What Do Treasuries and Copper Know That Equities Don't?

NEW YORK (TheStreet) -- Are Treasuries and copper sending us a message that's different from what the stock market is telling us? I think so.

As stocks continue to hit record highs on a regular basis, Treasury yields have been sinking -- an indication that bond prices were climbing. A number of investors were seeking the safe haven of Treasuries, despite the fact that stock prices were soaring. Why?

Although we have seen the demand for Treasuries surge since the beginning of the Crimea crisis, a look at the chart for the ten-year Treasury yield depicts a massive, fully-formed, head-and-shoulders pattern, which would suggest that the decline in Treasury yields has just begun.
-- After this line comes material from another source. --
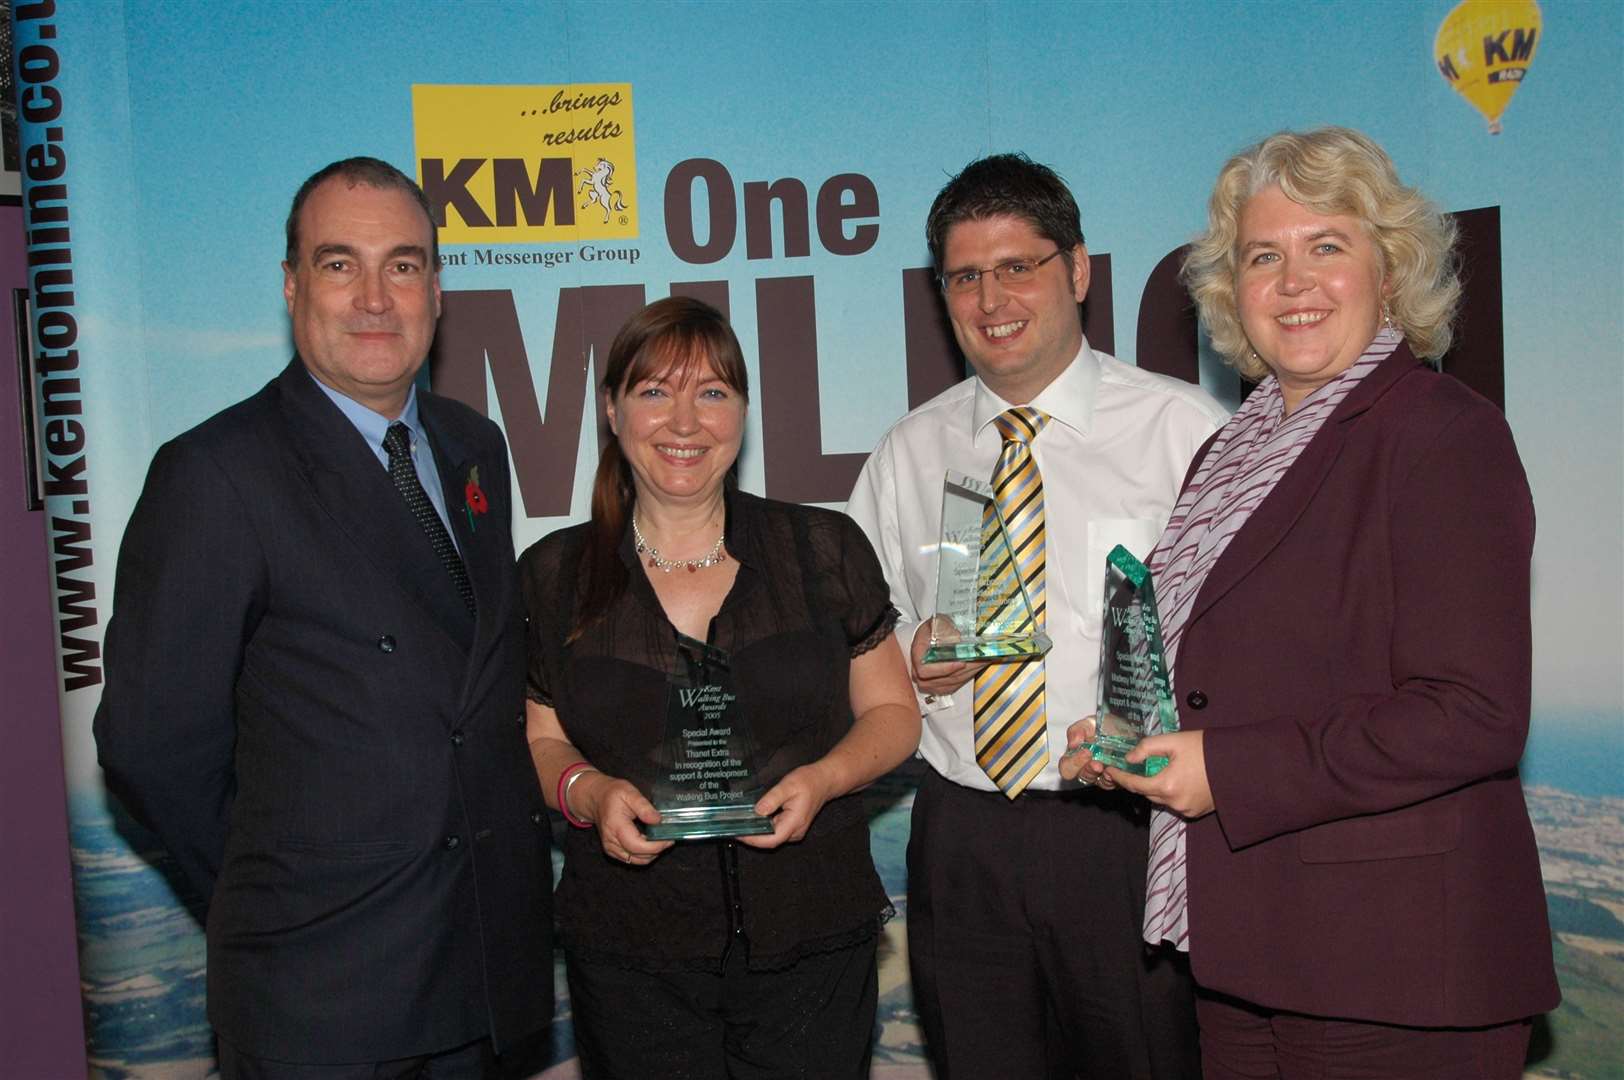 Kent Walking Bus Awards at Gillingham Football Club in 2005 with, from the left, Transport Minister Stephen Ladyman, community editor of the Thanet Extra Carol Davies, senior editor of the Kentish Express Leo Whitlock and senior news editor of the Medway Messenger Sarah Clarke

Also, since the beginning of 2014, Treasury yields have been in a steady downtrend.

Why had there been such an intense flight to the safe haven of Treasuries months before Russia invaded Crimea?

The chart for the iShares Barclays 20+ Year Treasury Bond Fund (TLT) is heading higher from a bullish "double bottom" pattern, which was established on Feb. 12 and Feb. 20. On Thursday, Feb. 27, a full day before the story first broke concerning Russia's move on the Crimea, the relative strength index for TLT was approaching the "overbought" threshold of 70.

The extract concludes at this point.